A 2016 study sought to determine whether concussions predictably affect pitch perception, sound identification, and speech processing in children. The study found that children with concussions respond inadequately to changes in pitch and display a distinct profile of impaired sound processing.
Presently, the diagnosis of concussions – mild brain injuries sustained after forceful blows to the head or neck, which can impair concentration, balance, coordination, memory, and emotional responses – is fairly subjective, relying heavily on the breadth and accuracy of a patient’s report of the symptoms they have been experiencing. Making an accurate diagnosis can, therefore, be especially challenging when dealing with child patients. As such, objective and distinct indicators of concussive brain damage would help physicians correctly identify the disease in patients and better outline a path to recovery. As mild traumatic brain injuries such as concussions are associated with difficulty making sense of sounds, identifying reliable measures of concussion-specific sound perception and processing difficulties may provide a basis for the development of effective tools for the diagnosis of concussions.
In a 2016 study published in Scientific Reports, researchers sought to determine whether concussions predictably affect the ability of child concussion patients to perceive pitch, identify sounds, and recognize rhythms, stresses, and intonations in speech.
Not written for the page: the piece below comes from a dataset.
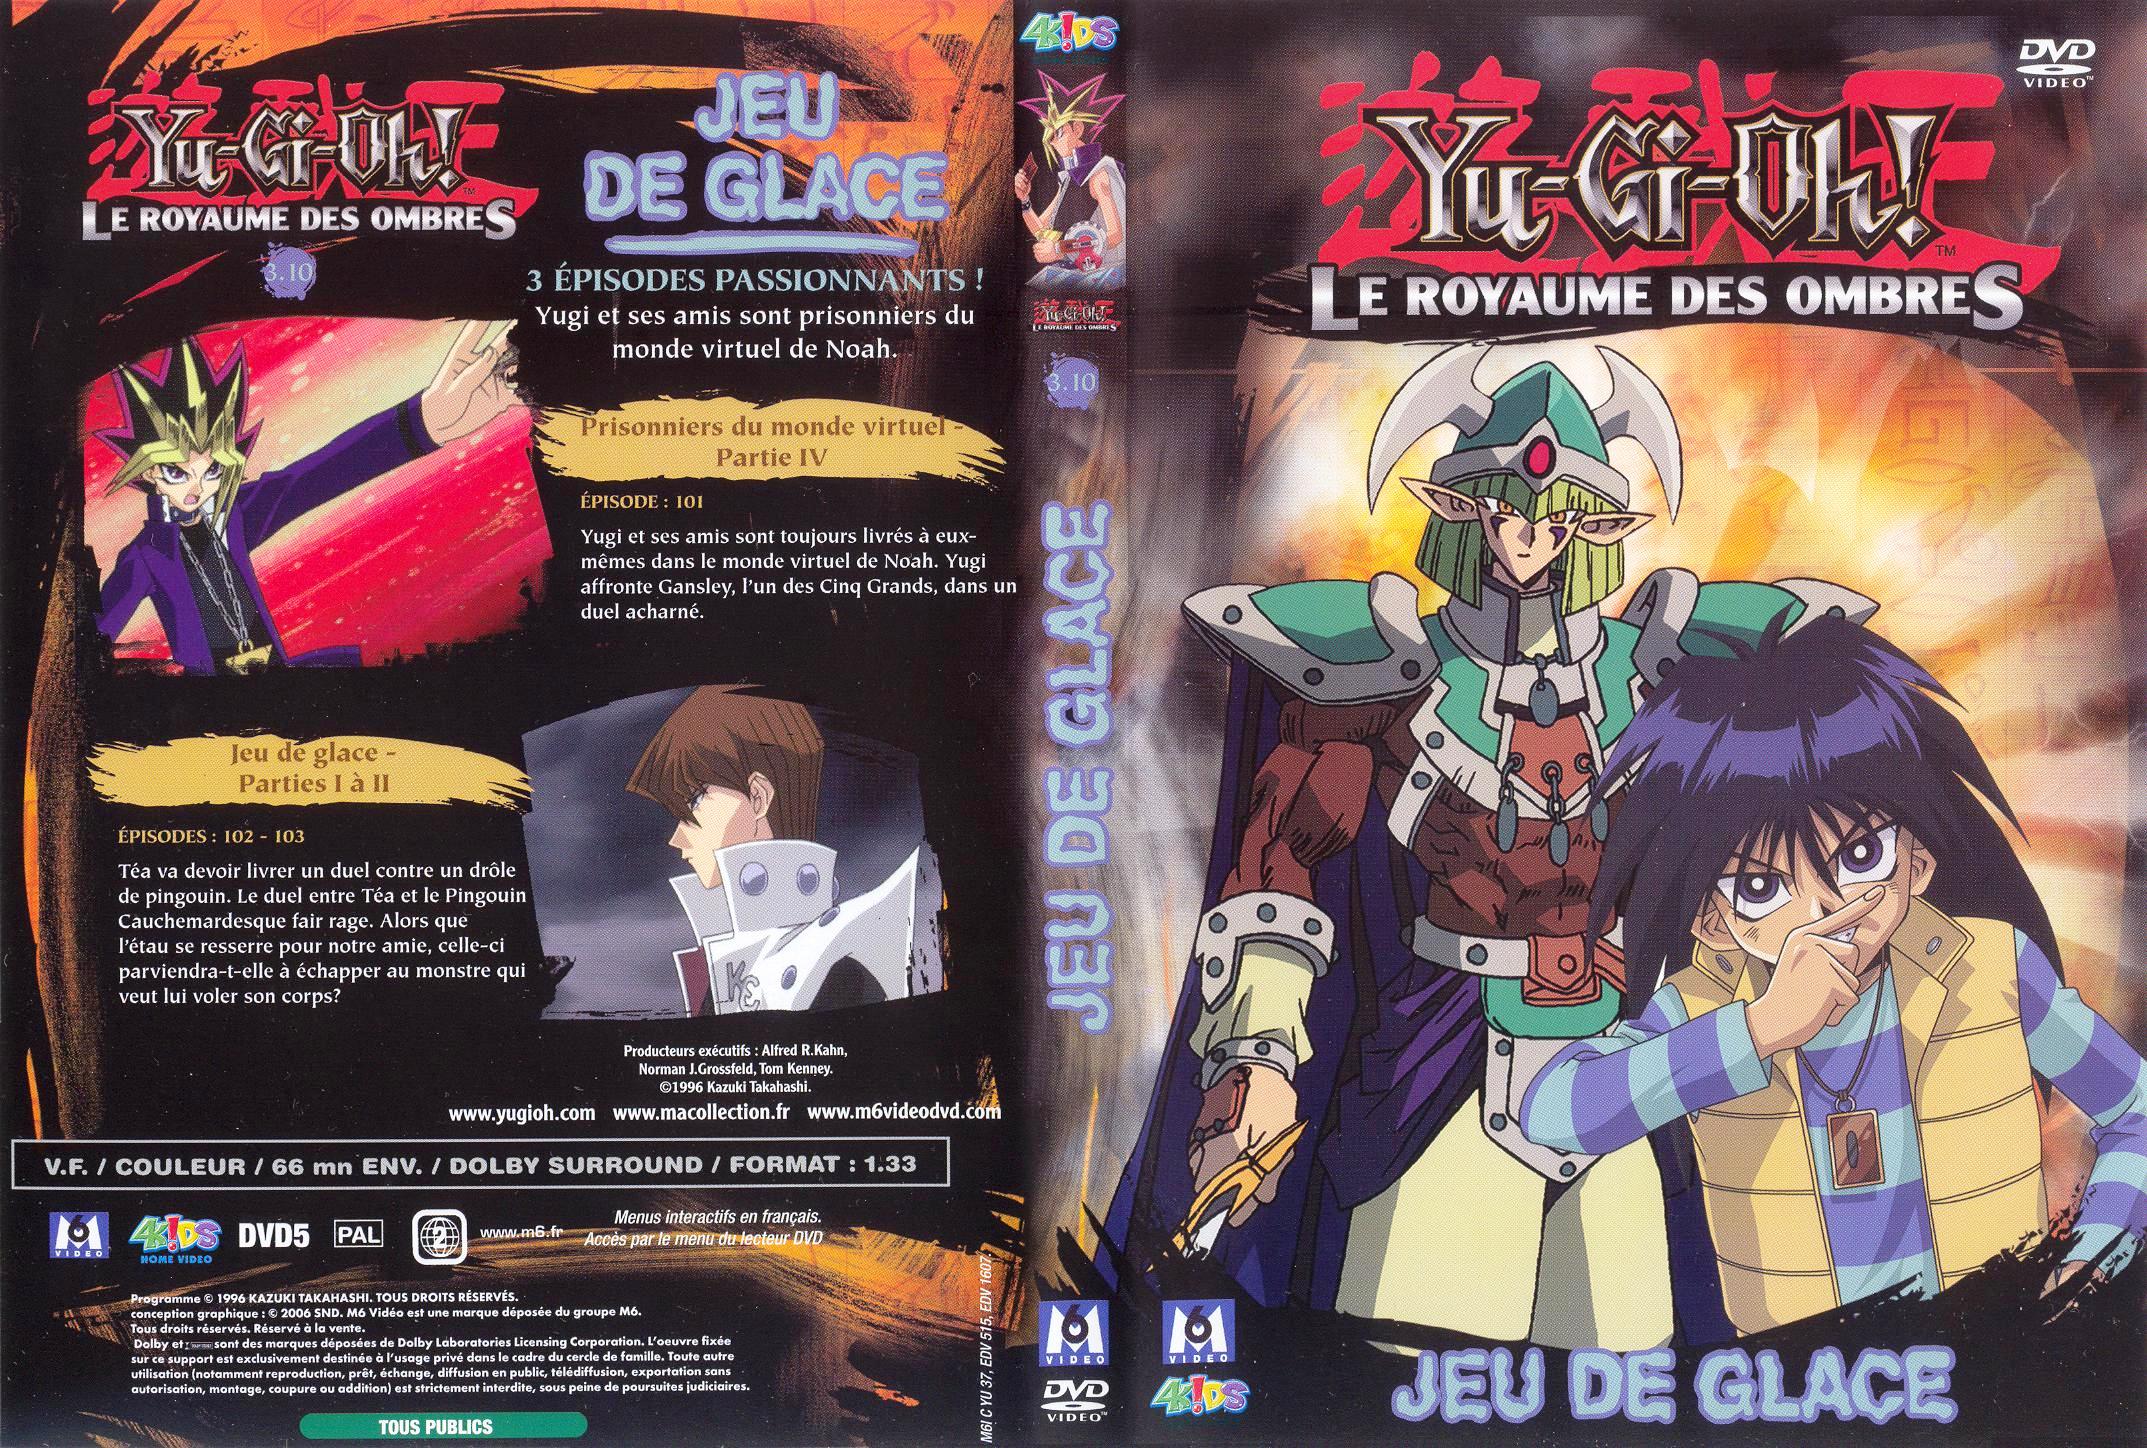 Jaquette DVD Yu-gi-oh! saison 3 vol 10
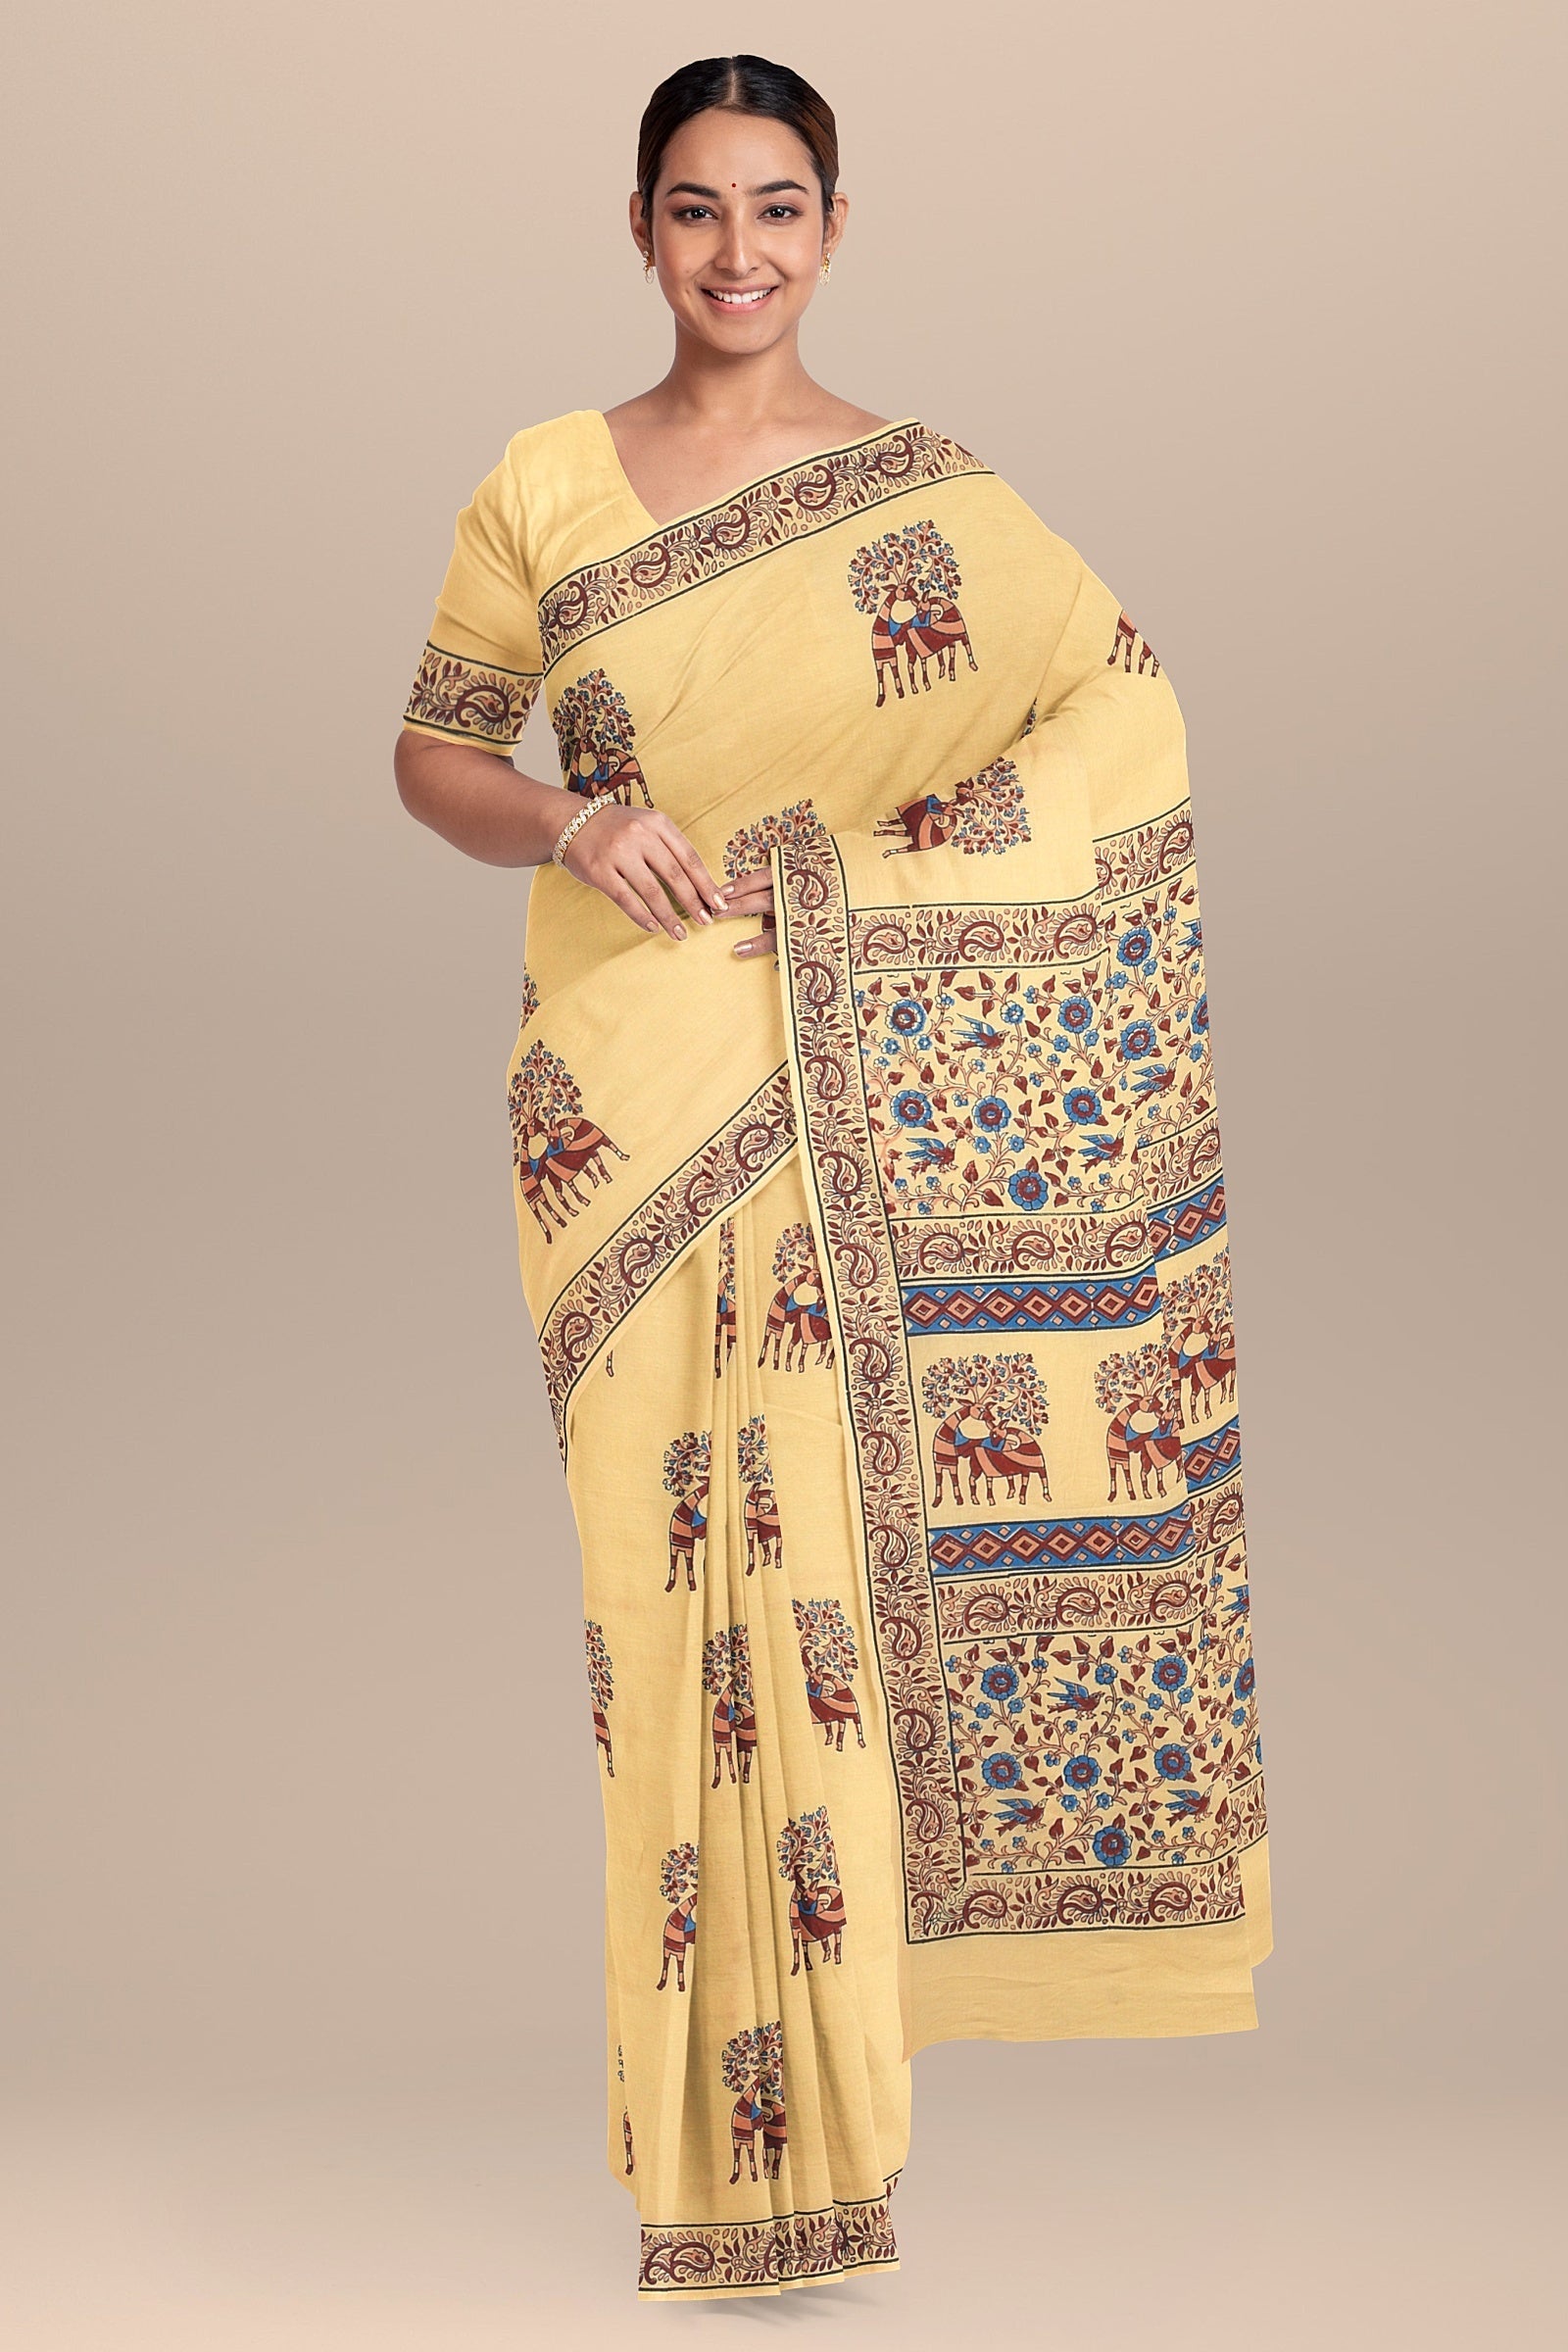 Chhipa Hand Block Printed Mustard Yellow Color Malmal Cotton Saree With Multicolor Deer Motif SKU-7004 - Bhartiya Shilp

Twenty children clinically diagnosed with a concussion – 6 boys and 14 girls, average age 13.39 years – were recruited from a sports medicine clinic in Chicago. Thirteen reported previously having a brain injury. Non-concussed controls with no history of brain injury – 6 boys and 14 girls, average age 13.64 years – were recruited from the community. Eleven in the concussed group – 3 boys and 8 girls, average age 13.25 years – were retested 11-54 days after their initial examination. Normal hearing was confirmed by measuring changes in voltage generated by the brainstem when exposed to 80.4 dB clicks, and by registering the low level sounds naturally generated by the inner ear that are indicative of structures crucial to hearing.
Sound perception was determined by measuring changes in voltage generated by the brainstem (responses) to sound recordings, especially the frequency-following response (FFR) for each subject – the ability to identify a difference between certain voiceless and voiced consonant sounds, e.g. the change from a voiceless, percussive d sound to a voiced, sustained d sound. After hearing recordings of voiceless consonant sounds followed by their corresponding voiced consonant sounds, all played against various levels of background noise, responses and response times were recorded. The fundamental frequency (F0) – a basic component of pitch – which increases as a consonant sound moves from voiceless to voiced, was recorded for each transition. The severity of 19 concussion symptoms were scored from 0-6 (with 6 representing great intensity) and added together to produce an overall severity score for each concussion patient.
Though the pattern of sensitivity to the different frequencies against background noise was similar in both groups, sensitivity, F0 responses, and FFRs were greater in the control group than in the concussion group. Those with more severe symptoms were less sensitive to changes in F0. For those retested, all of whose symptoms improved, F0 responses increased 30%, falling within the range of the control group. Response times for the beginning of sounds, the transition between the percussive and sustained aspects of voiced consonant sounds, and the endings of sounds were the same for both groups. Response times with respect to vocal variations were slightly longer for the concussion group. In addition, using the FFR as a diagnostic measure correctly categorized 18 of the 20 concussion group patients (90%) and 19 out of the 20 control patients (95%).
Overall, the results of this study suggest that sensitivity to the F0 of a sound is lower and brainstem responses to it are weaker, less accurate, and slower in children with concussions than in their uninjured counterparts. Consequently, it may be that children with concussions respond inadequately to changes in pitch and process speech less effectively. The high accuracy of the FFR as an indicator of belonging to the concussion group in this study suggests it may serve as an effective basis for diagnostic tools in the future. Further research with larger sample sizes will be required to determine whether the FFR can be used to distinguish concussions from similar mild traumatic brain injuries. As the concussion group was recruited from a sports medicine clinic – to which patients are referred to receive specialized treatment – the concussive symptoms represented may have been more severe than those which might have been observed had patients been recruited from a hospital. Future research would also benefit from a larger, sex-balanced study population in order to obtain conclusive results.